= Id (programming language) =

Irvine Dataflow (Id) is a general-purpose parallel programming language, started at the University of California, Irvine in 1975 by Arvind and K. P. Gostelow. Arvind continued work with Id at MIT into the 1990s.

The major subset of Id is a purely functional programming language with non-strict semantics. Features include: higher-order functions, a Milner-style statically type-checked polymorphic type system with overloading, user defined types and pattern matching, and prefix and infix operators. It led to the development of pH, a parallel dialect of Haskell.
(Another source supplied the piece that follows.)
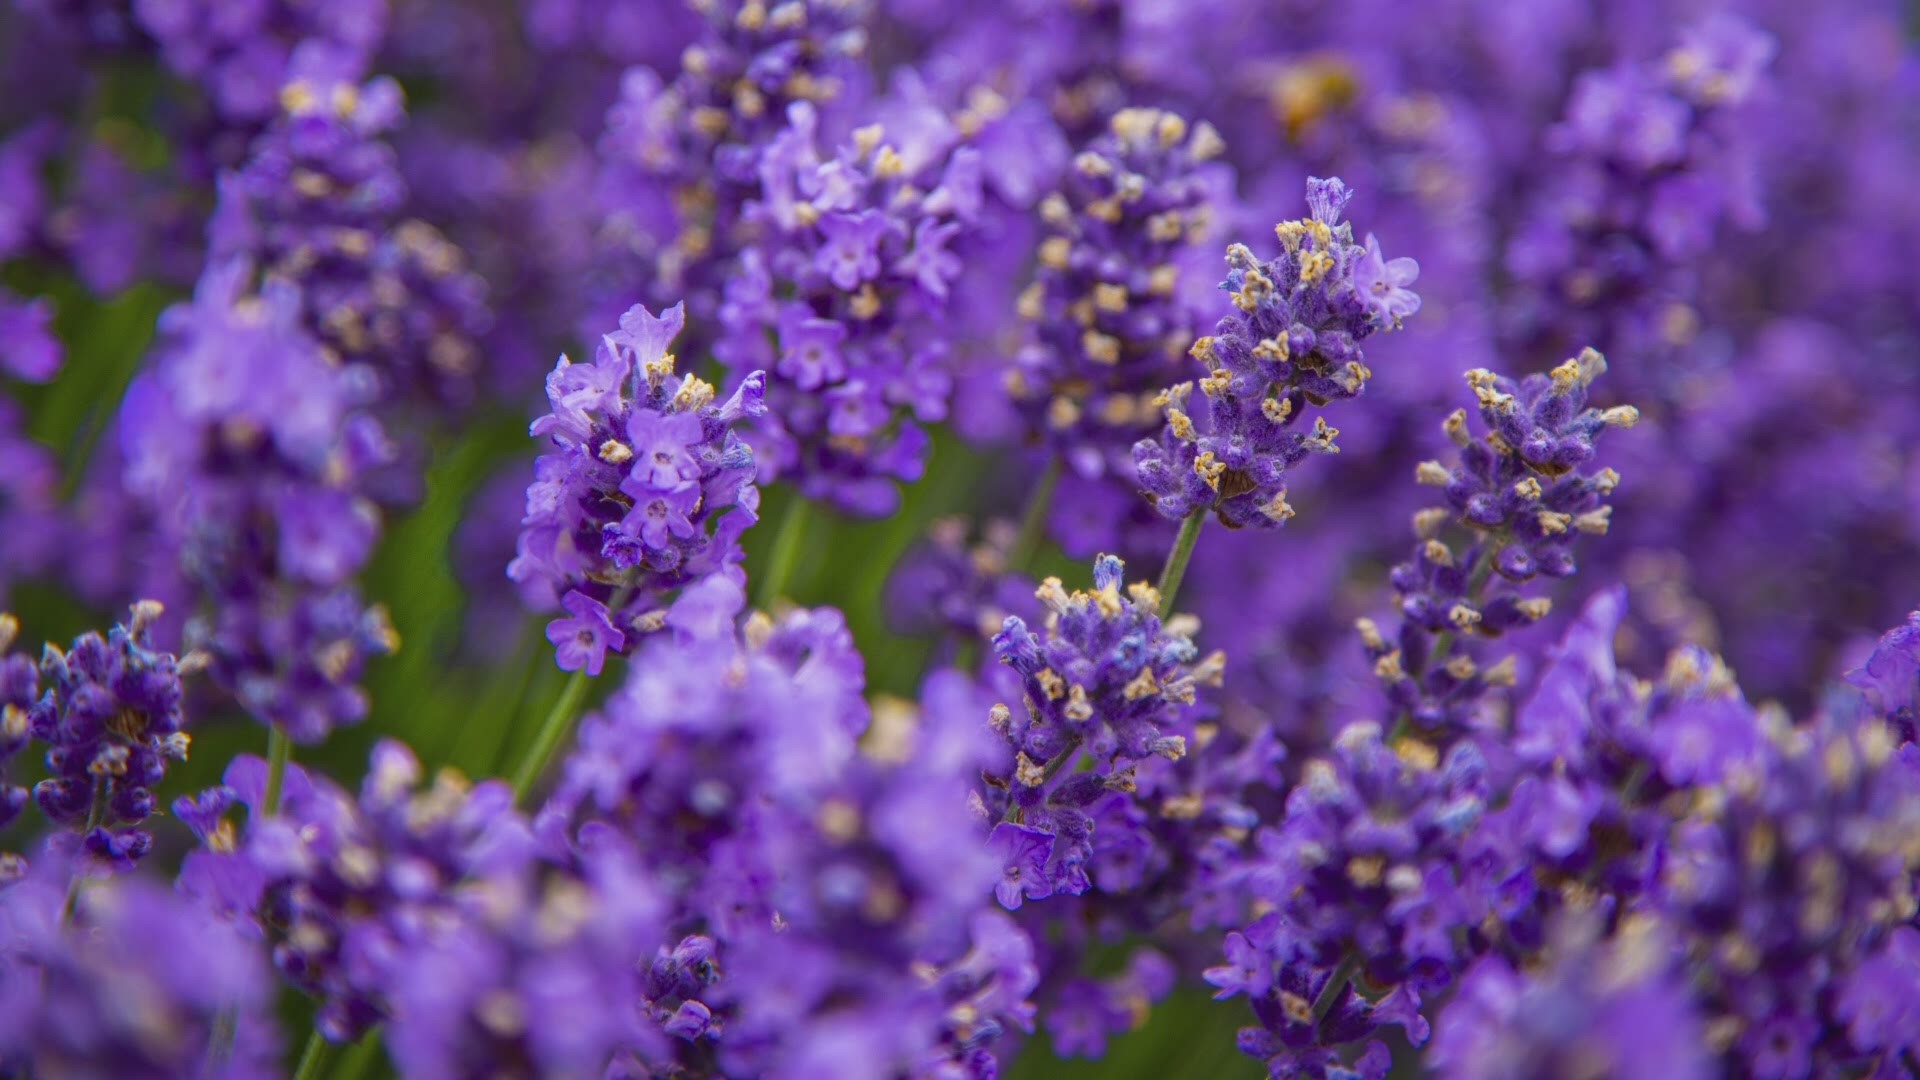 The 16th annual Lavender Festival was canceled, but u-pick farms hope people will head out to enjoy the sunshine, flowers and lavender-infused sno-cones.
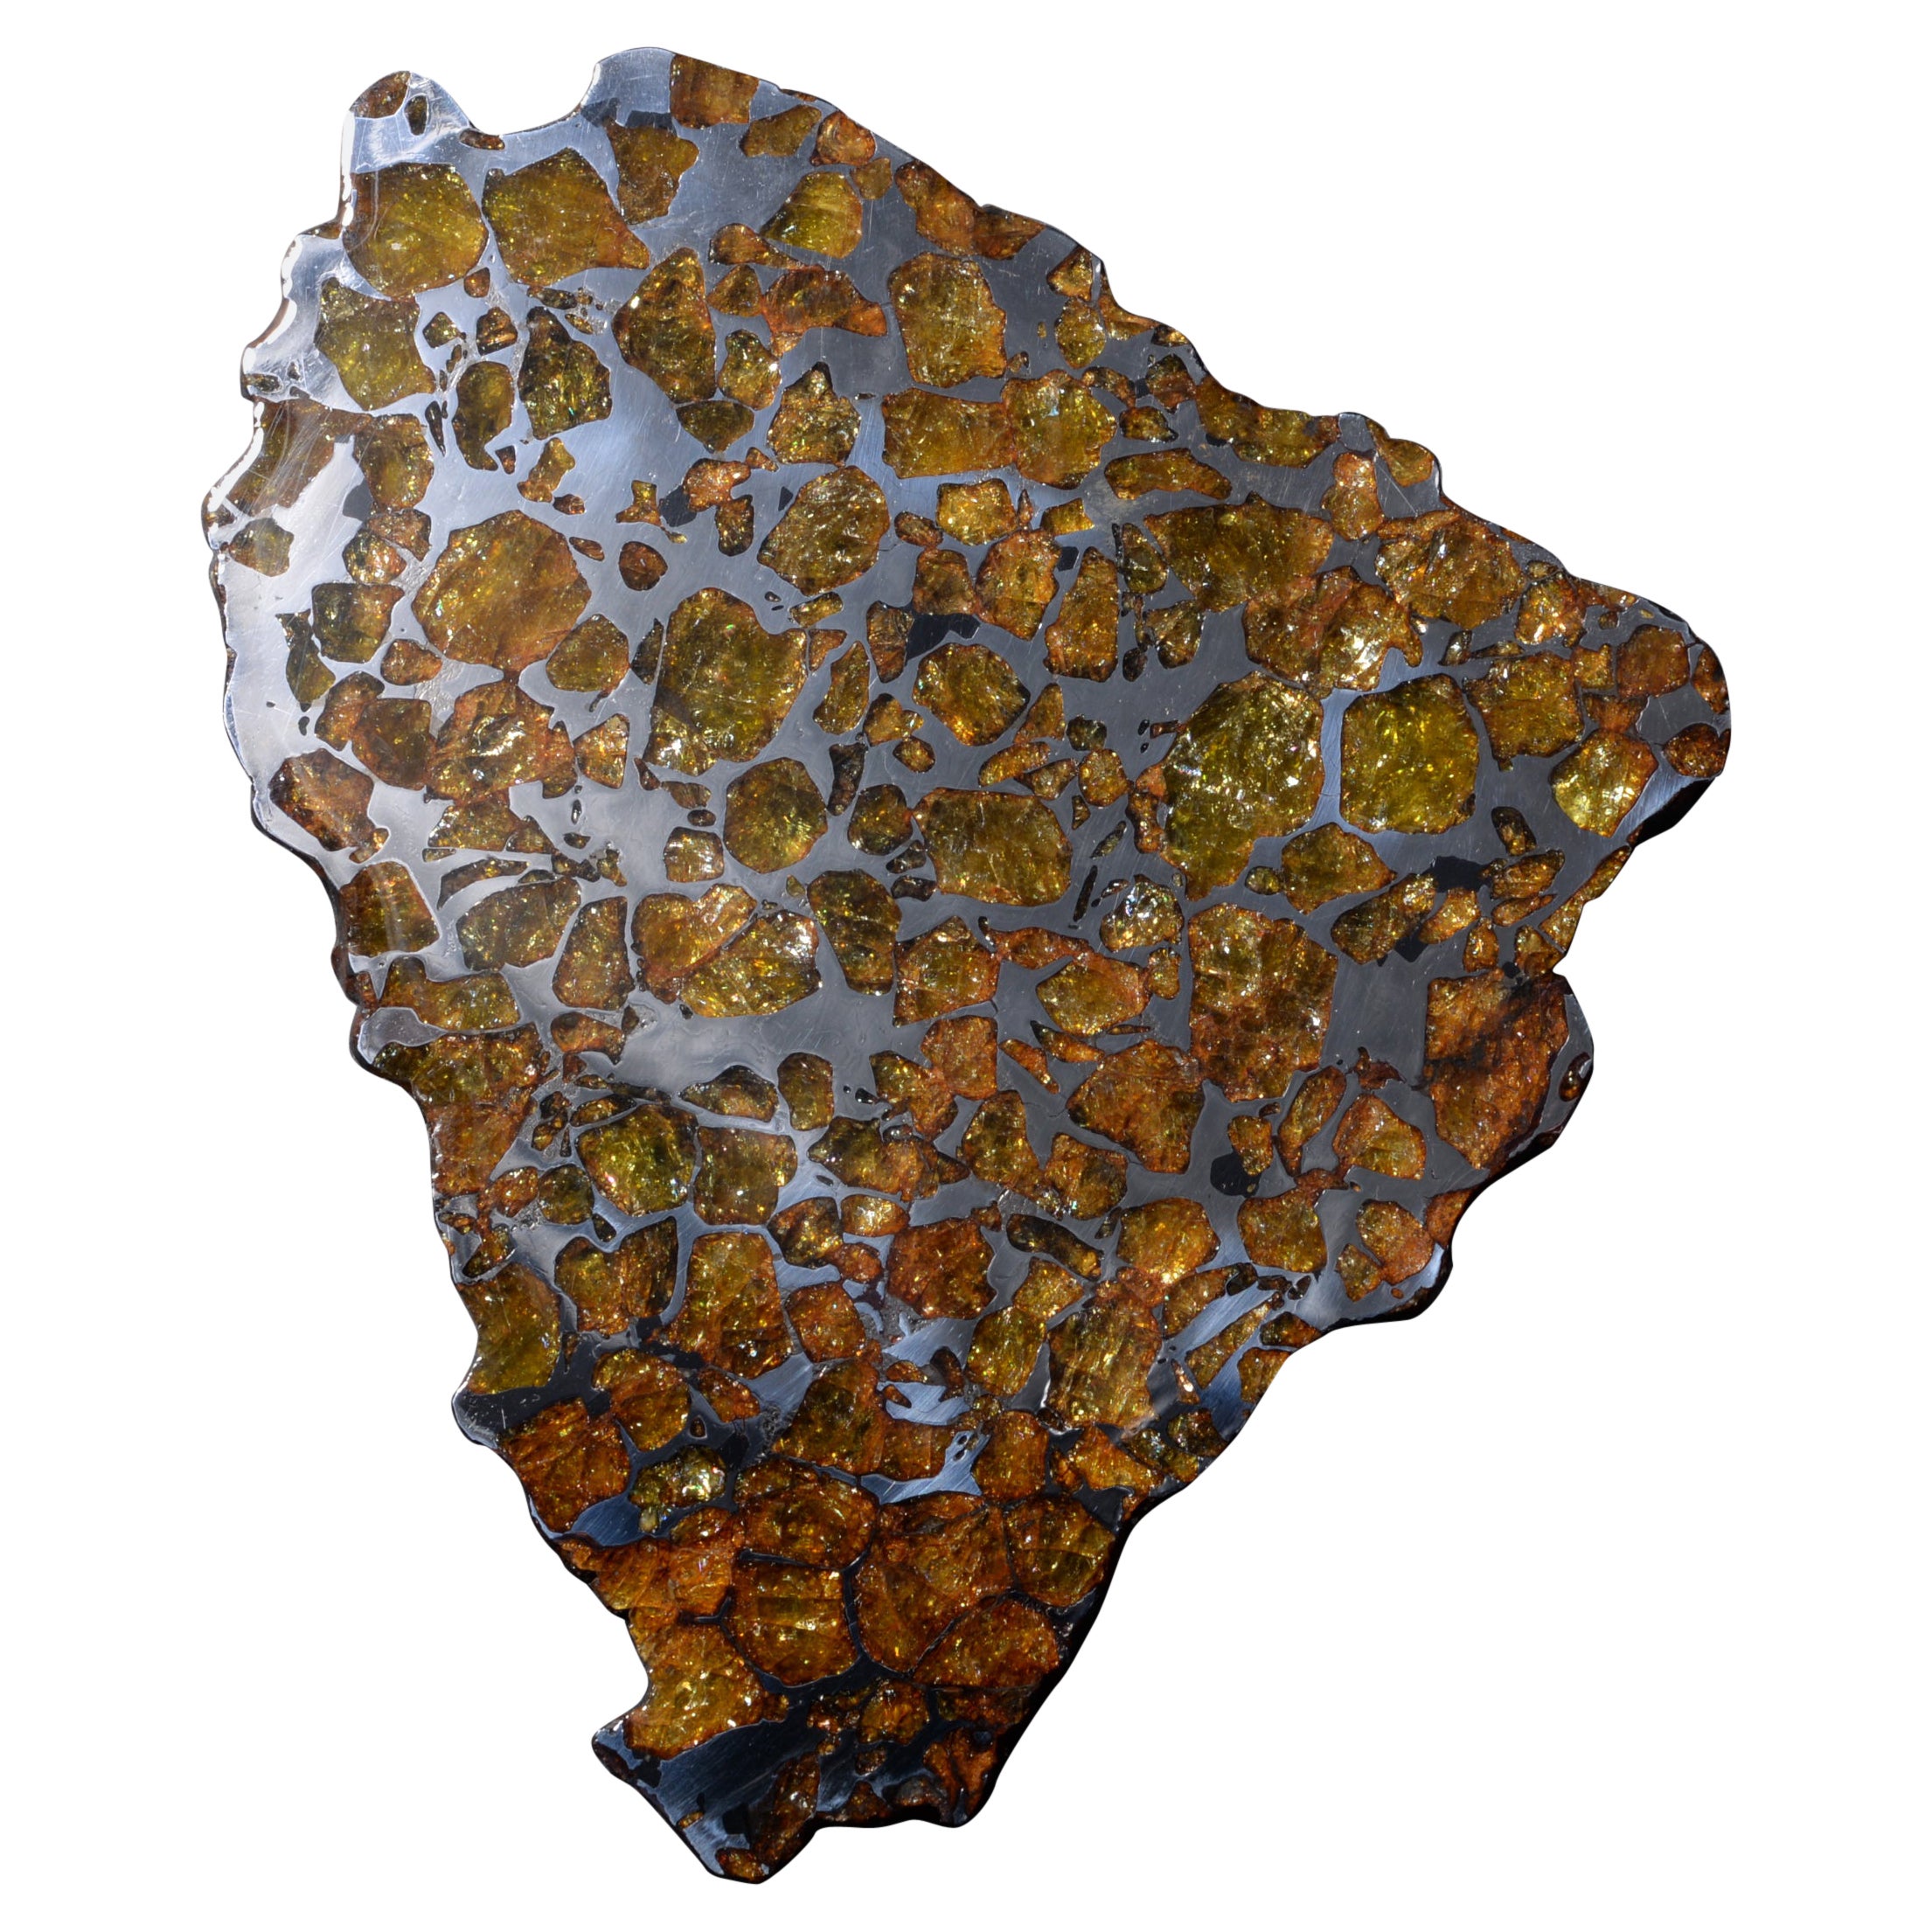 End-Cut from the Imilac Meteorite For Sale

Id programs are fine grained implicitly parallel.

The MVar synchronisation variable abstraction in Haskell is based on Id's M-structures.

==Examples==
Id supports algebraic datatypes, similar to ML, Haskell, or Miranda:

 type bool = False | True;

Types are inferred by default, but may be annotated with a typeof declaration. Type variables use the syntax *0, *1, etc.

 typeof id = *0 -> *0;
 def id x = x;

A function which uses an array comprehension to compute the first $n$ Fibonacci numbers:

 typeof fib_array = int -> (array int);
 def fib_array n =
   { A = { array (0,n) of
         | [0] = 0
         | [1] = 1
         | [i] = A[i-1] + A[i-2] || i <- 2 to n }
   In A };

Note the use of non-strict evaluation in the recursive definition of the array A.

Id's lenient evaluation strategy allows cyclic datastructures by default. The following code makes a cyclic list, using the cons operator :.

 def cycle x = { A = x : A In A };

However, to avoid nonterminating construction of truly infinite structures, explicit delays must be annotated using #:

 def count_up_from x = x :# count_up_from (x + 1);

==Implementations==
- pHluid
The pHluid system was a research implementation of Id programming language, with future plans for a front-end for pH, a parallel dialect of the Haskell programming language, implemented at Digital's Cambridge Research Laboratory. and non-profit use. It is targeted at standard Unix workstation hardware.